Apakabarkampus.com – Benarlah apa yang dikemukakan seniman Austria, Franz Kafka bahwa buku harus menjadi kampak untuk menghacurkan lautan beku di dalam diri manusia. Adapun lautan beku yang dimaksudnya adalah kebodohan manusia. Tak heran kalau Program for International Student Assessment (PISA) pada 2009 menunjukkan Indonesia menempati urutan ke-57 dari 65 negara di dunia yang kemampuan membacanya masih rendah. Padahal, UU Sisdiknas No. 20 Tahun 2003 menegaskan Pasal 4 Ayat 5 bahwa pendidikan diselenggarakan dengan mengembangkan budaya membaca, menulis dan berhitung.

Kalau minat baca rendah, maka pasti ada efek domino setelahnya. Contohnya, anak-anak akan lebih gemar menonton. Sahabat mereka bukan lagi buku, tapi televisi. Dan satu hal yang pasti terjadi, mereka lebih memilih menghabiskan waktunya di depan TV sekitar empat hingga lima jam perhari atau sekitar 30 hingga 35 jam dalam sepekan daripada membaca di perpustakaan. Artinya, setahun anak-anak kita menonton televisi sekitar 1.600 jam. Padahal kata pepatah, buku itu gudangnya ilmu pengetahuan. Dan, perpustakaan gudangnya buku. Artinya perpustakaan itu “maha gudangnya“ ilmu. Tapi coba kita seksamai kondisi perpustakaan sekarang betul-betul menjadi gudang ilmu. Kondisinya memang persis gudang, berantakan dan berdebu. Ironisnya, minim pengunjung dan lebih tepat dijuluki “Museum buku”. Inilah fenomena perpustakaan yang terjadi. Termasuk di sekolah-sekolah.

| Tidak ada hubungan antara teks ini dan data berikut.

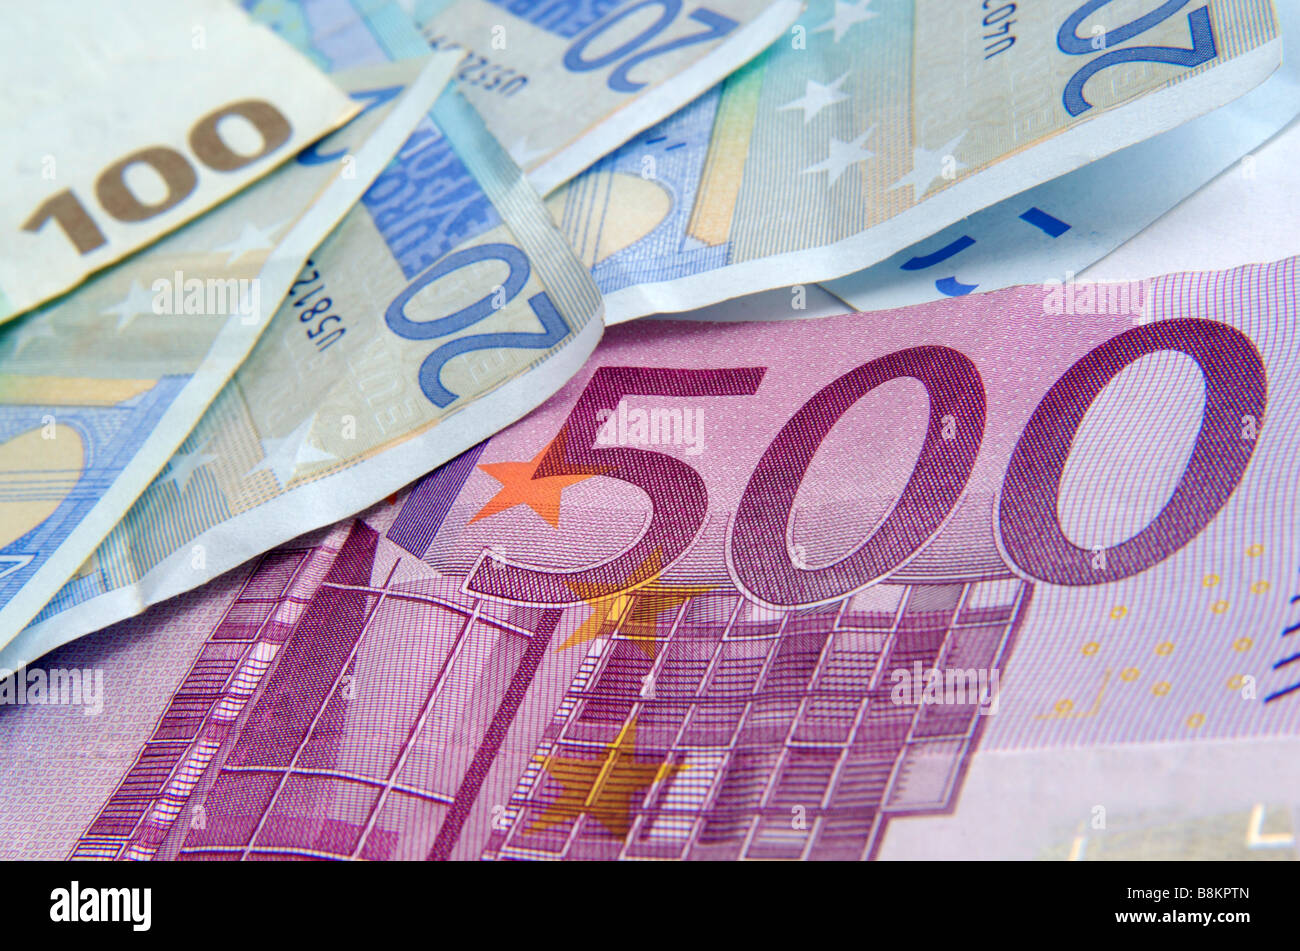 euro geldscheine 500 euro schein stockfoto bild 22562645 alamy. Black Bedroom Furniture Sets. Home Design Ideas
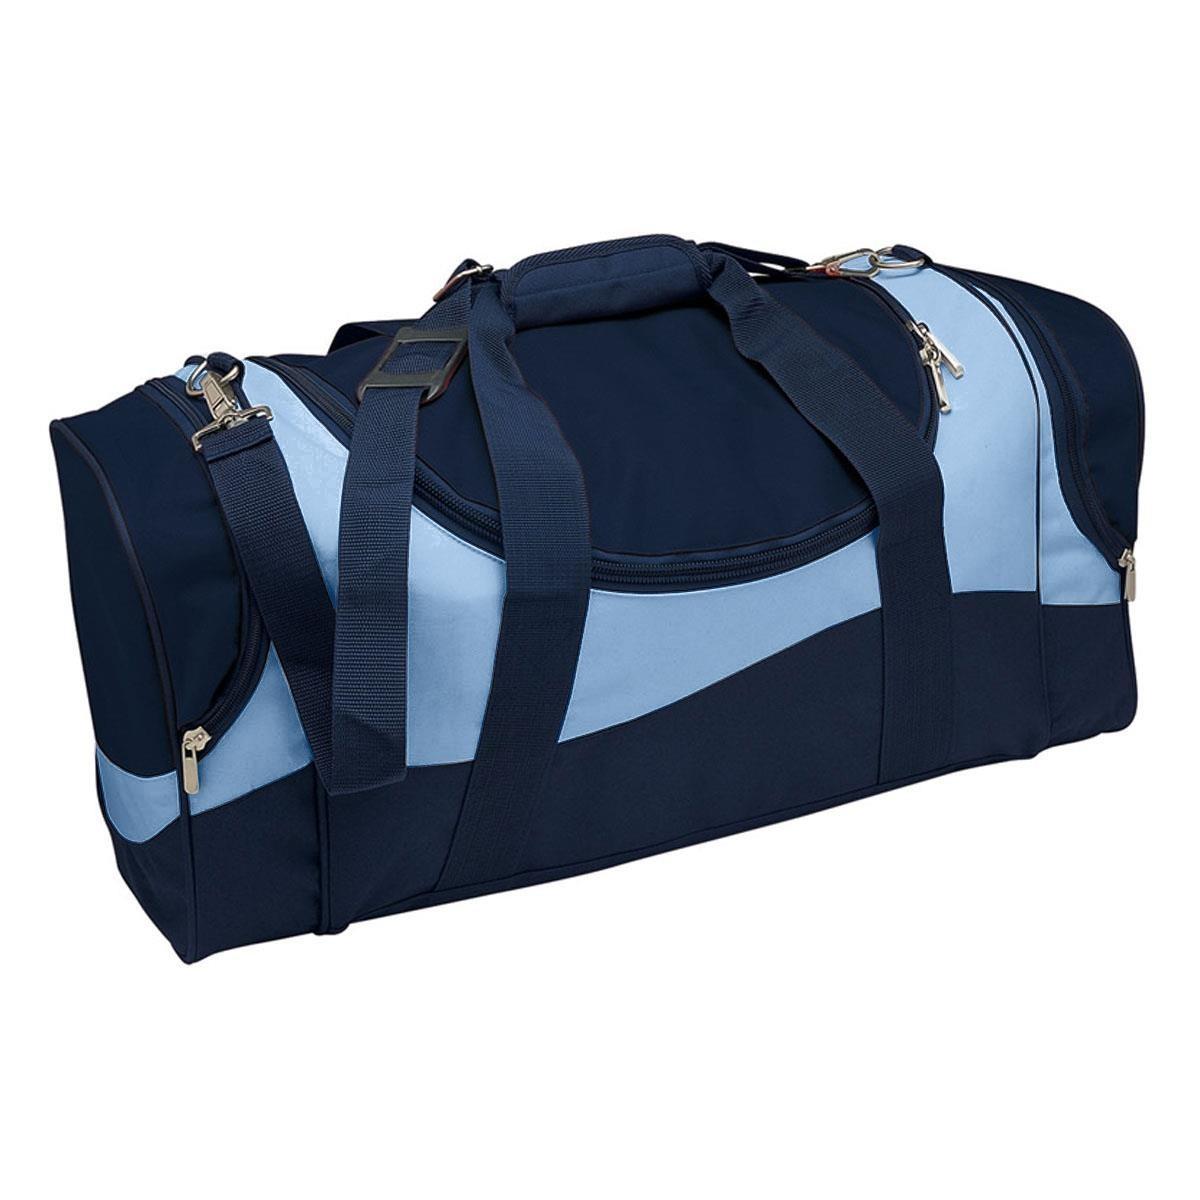 Sunset Sports Bag - Navy & Sky

Perpustakaan Lorong Vs Pseudo Literasi

Berkiblat pada pernyataan Dauzan Farook, menegaskan bahwa senjata untuk melawan kebodohan adalah dengan buku. Bukankah dari buku banyak orang-orang besar lahir mulai dari intelektual, pengusaha, pejabat dan tokoh-tokoh pencerah masyarakat. Namun, ironisnya, Indonesia dengan jumlah penduduknya terbesar 240 juta jiwa hanya mampu menerbitkan sekitar 24.000 judul buku baru pertahun dengan rata-rata cetak perjudul sekitar 3.000 eksemplar, artinya buku baru pertahun beredar hanya 72 juta. Padahal UNESCO menetapkan bahwa 1 orang minimal membaca 7 judul buku baru pertahun (di Indonesia 1 Judul buku baru dibaca 4 orang). Jelaslah, Indonesia berada di urutan ke-60 sebagai salah satu negara paling terendah budaya membacanya dari 65 negara!

Mengapa budaya baca kita rendah? Meier, mempertegas belajar adalah sesuatu yang bersifat holografis, menyeluruh dan konkrit. Jadi buku tak hanya sebagai komoditas belaka, tapi lebih dari itu buku adalah alat yang bisa menambah ilmu pengetahuan. Bukankah Christopher Morley menegaskan bahwa buku sesungguhnya bukanlah kumpulan kertas, tinta dan lem, melainkan menawarkan sebuah kehidupan baru.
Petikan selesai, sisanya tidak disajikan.